Instruction for the entries below: return the part that opens with the line containing "wandern-am-donausteig-schloegener-schlinge-placesdelight" and closes with the line containing "Recon Smoked /", exactly, and no pictures.

Provided data:
--*--

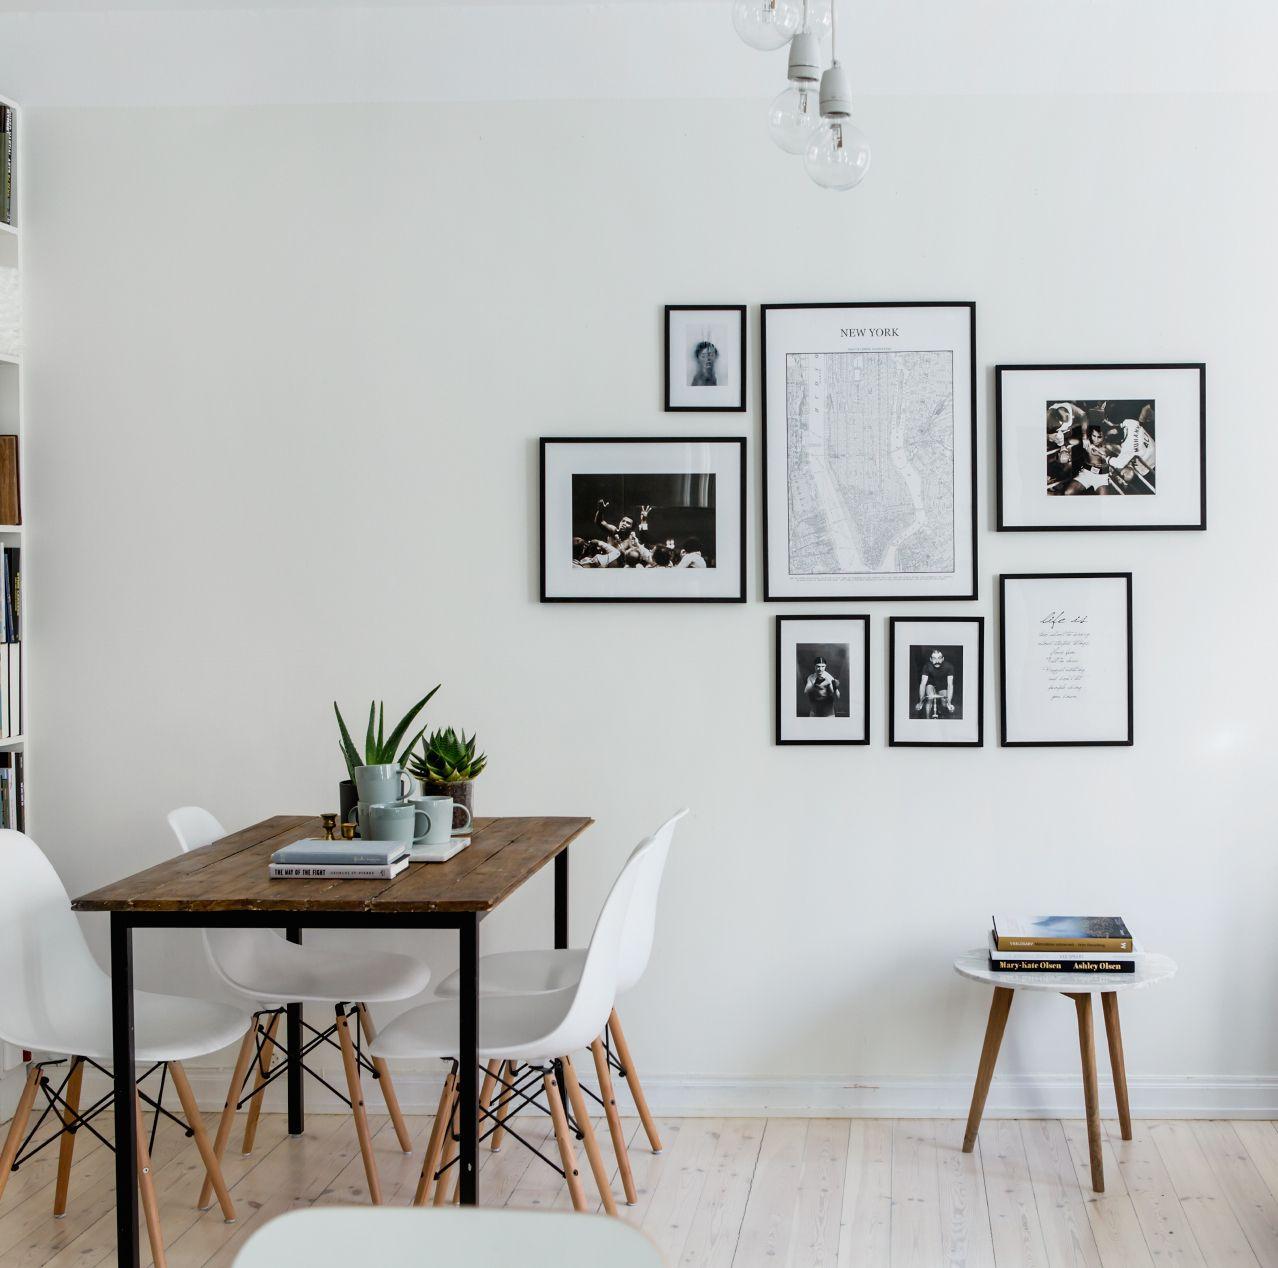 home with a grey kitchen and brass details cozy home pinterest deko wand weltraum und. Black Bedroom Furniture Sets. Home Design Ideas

--*--

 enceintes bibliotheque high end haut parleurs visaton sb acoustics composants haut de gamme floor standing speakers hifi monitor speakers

--*--

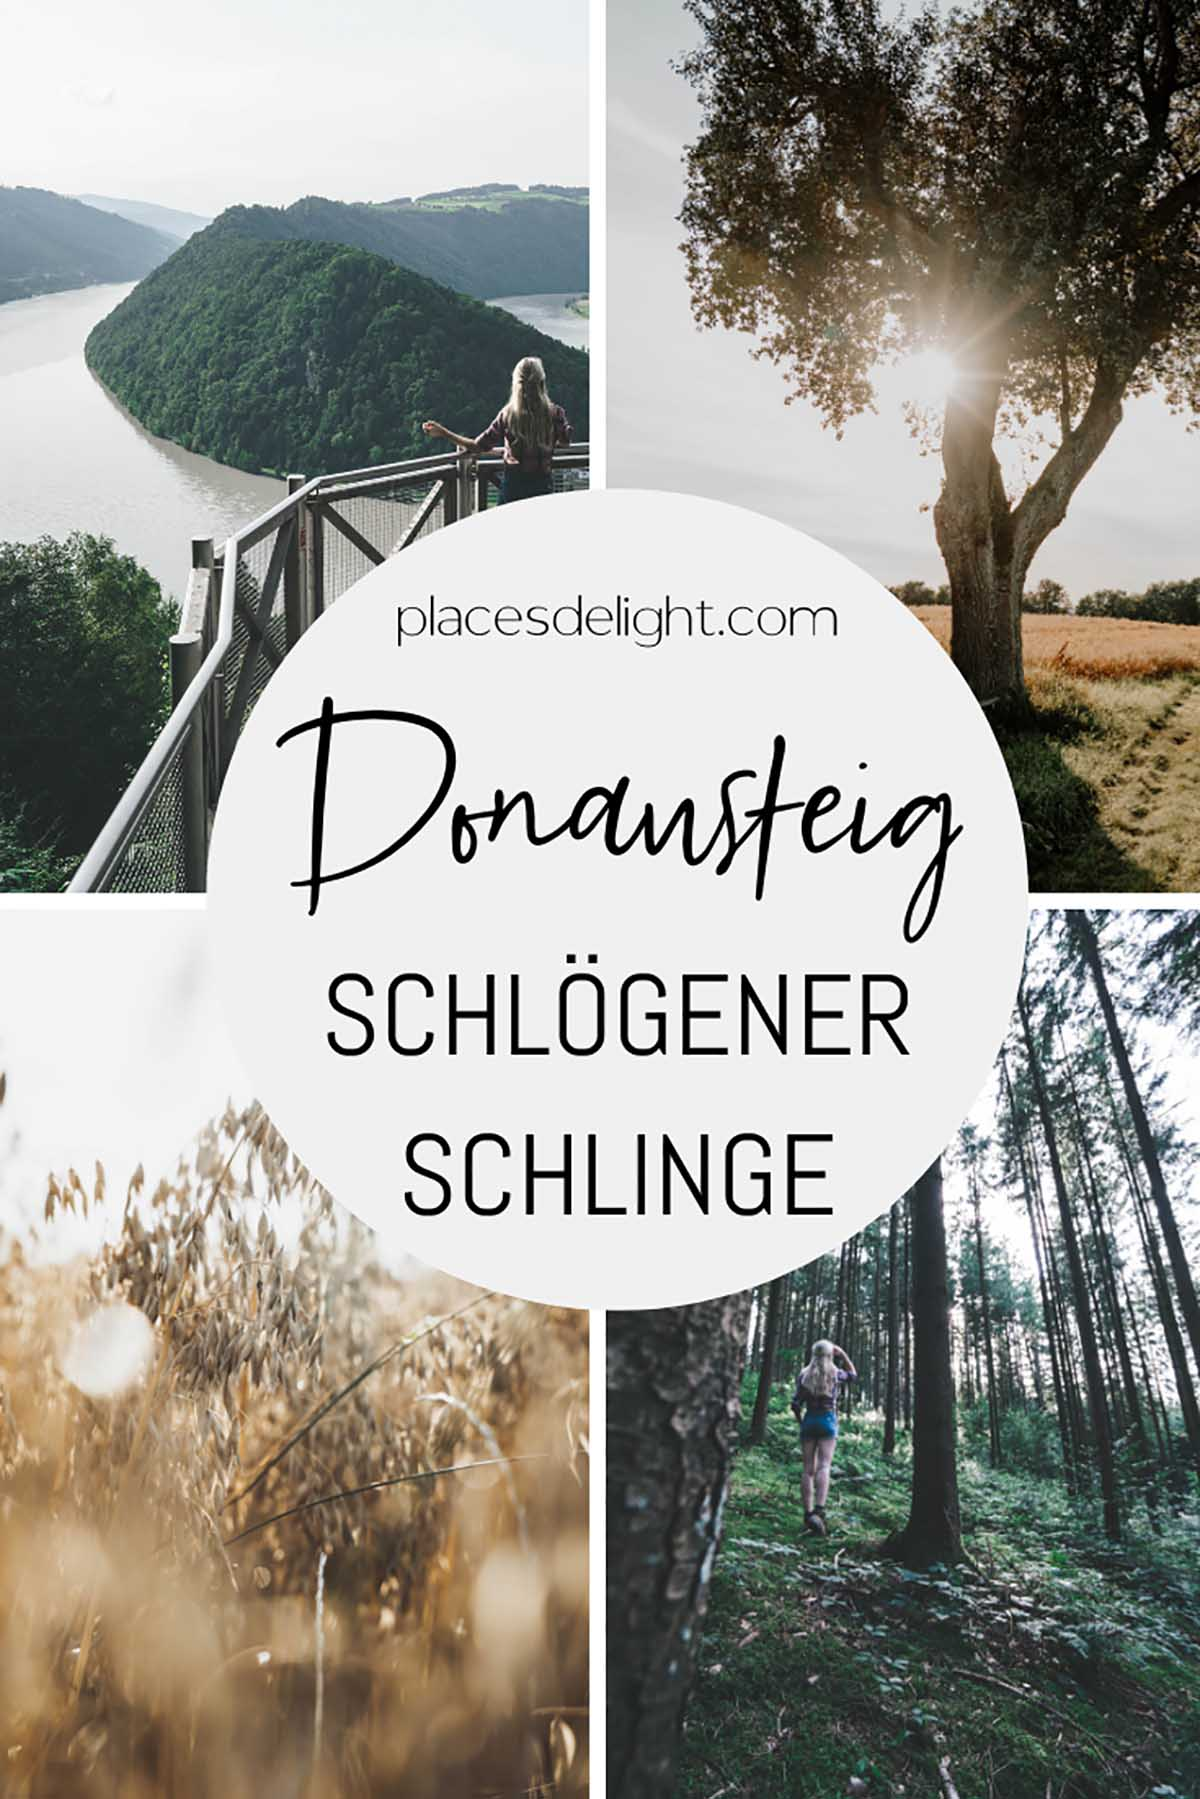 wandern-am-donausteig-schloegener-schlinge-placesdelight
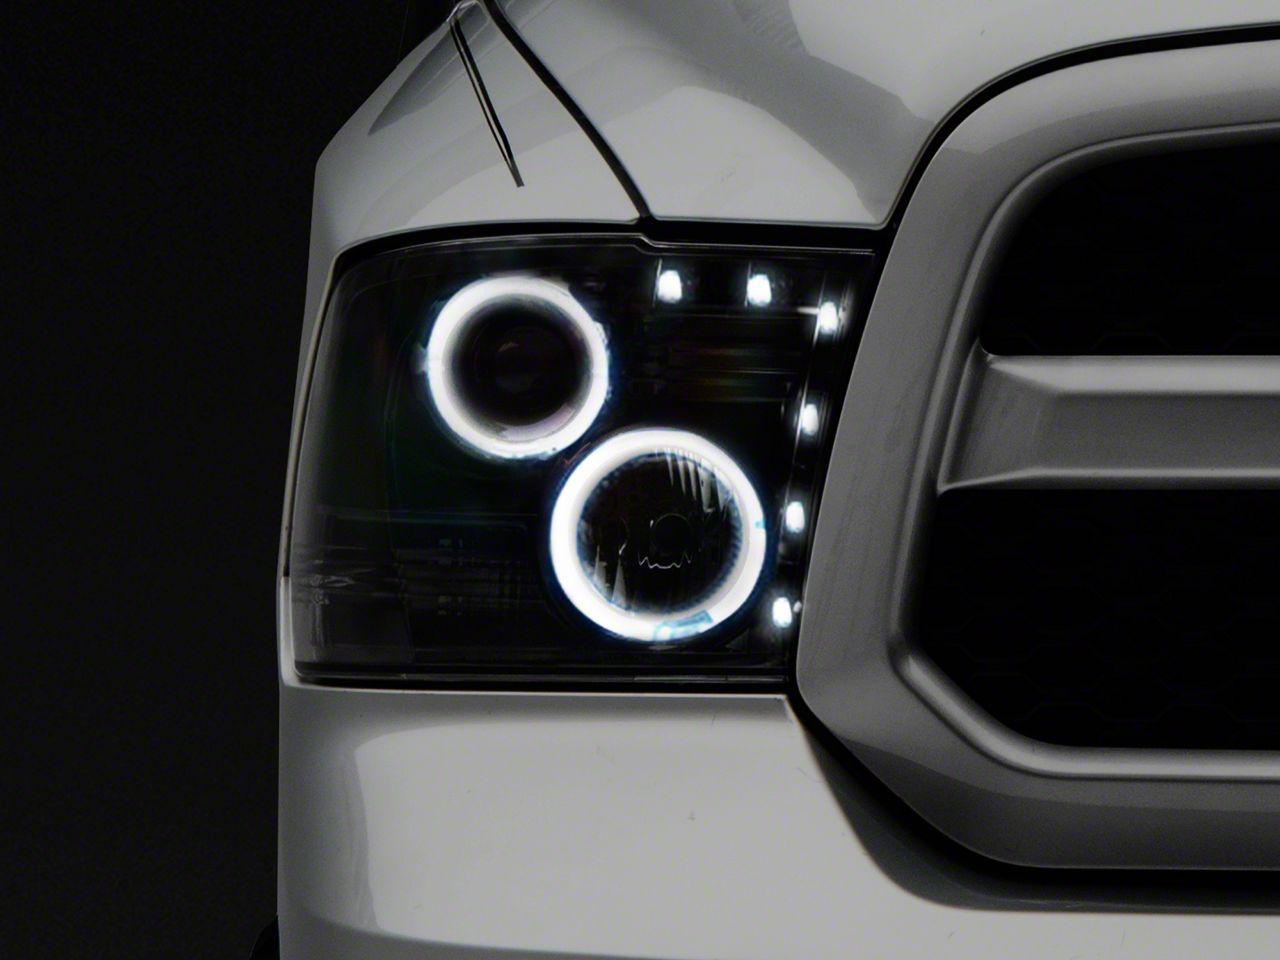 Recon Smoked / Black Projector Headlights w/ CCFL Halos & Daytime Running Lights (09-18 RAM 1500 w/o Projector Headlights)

--*--

Output of the task:
 wandern-am-donausteig-schloegener-schlinge-placesdelight
 Recon Smoked / Black Projector Headlights w/ CCFL Halos & Daytime Running Lights (09-18 RAM 1500 w/o Projector Headlights)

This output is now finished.